Festival Co-Director Mat Burt is adamant that “it’s the largest arts festival central London’s ever had”. His Co-Director, Tim Wilson, echoes that, “the whole point is accessibility – I think our average price is cheaper than the Edinburgh fringe price. Anyone can just come into the venue and have a drink. Tuesday, Wednesday, there’s live music – the great joy of the festival is that you can wander in and see one show or wander in and see something you didn’t expect to see at the Vaults.”

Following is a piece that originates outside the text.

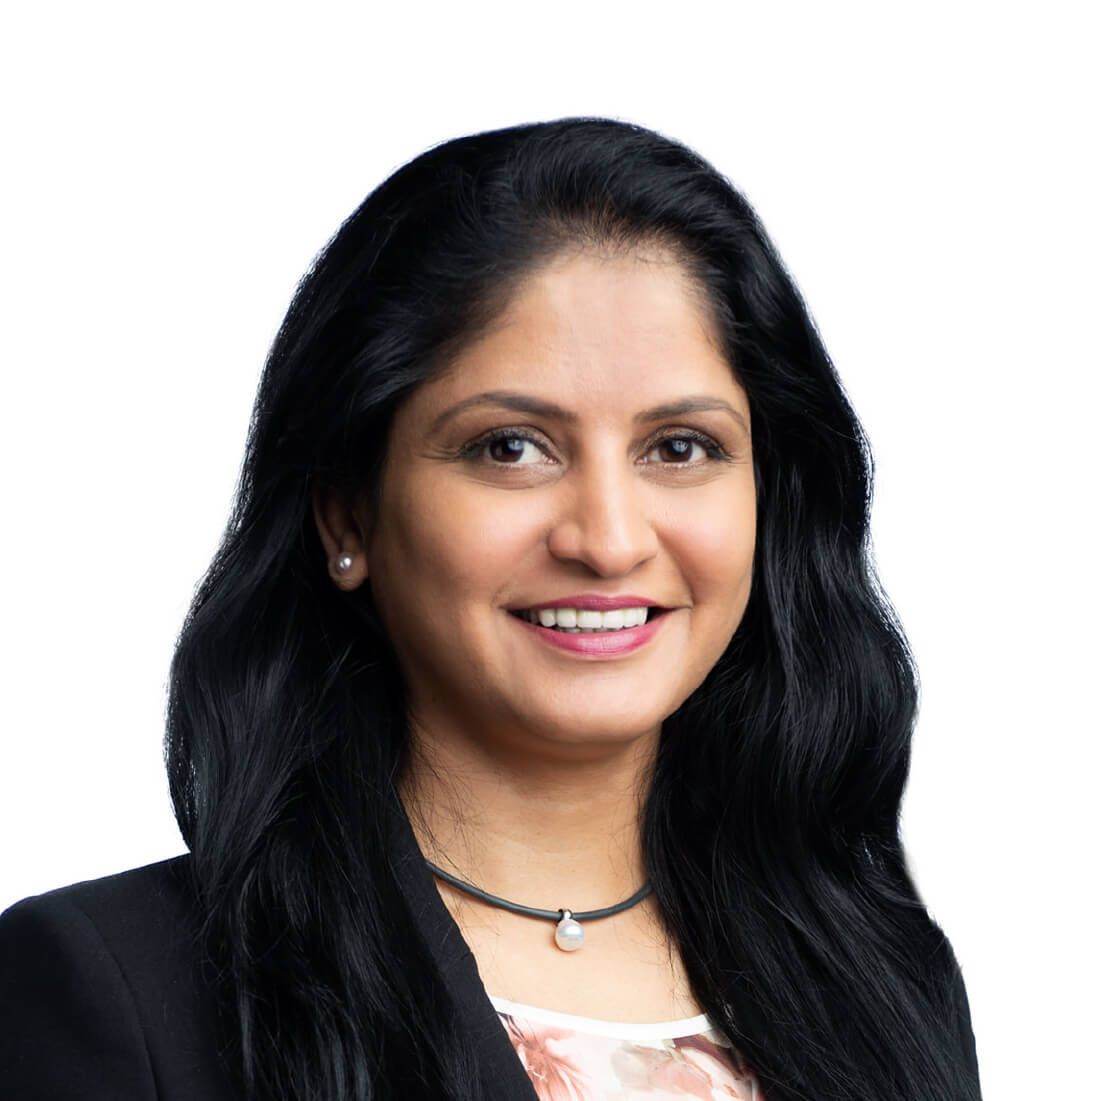 Amirtha Chetlur

When selecting shows for the festival, Burt and Wilson had two things in mind: cooking a steamy broth full of ingredients audiences might not otherwise encounter, and providing a platform where the next generation of exciting young artists can cook for themselves. There was an open application procedure, and the line-up were chosen from around 200 applications. Two-thirds of the selected companies haven’t worked with Burt or Wilson before.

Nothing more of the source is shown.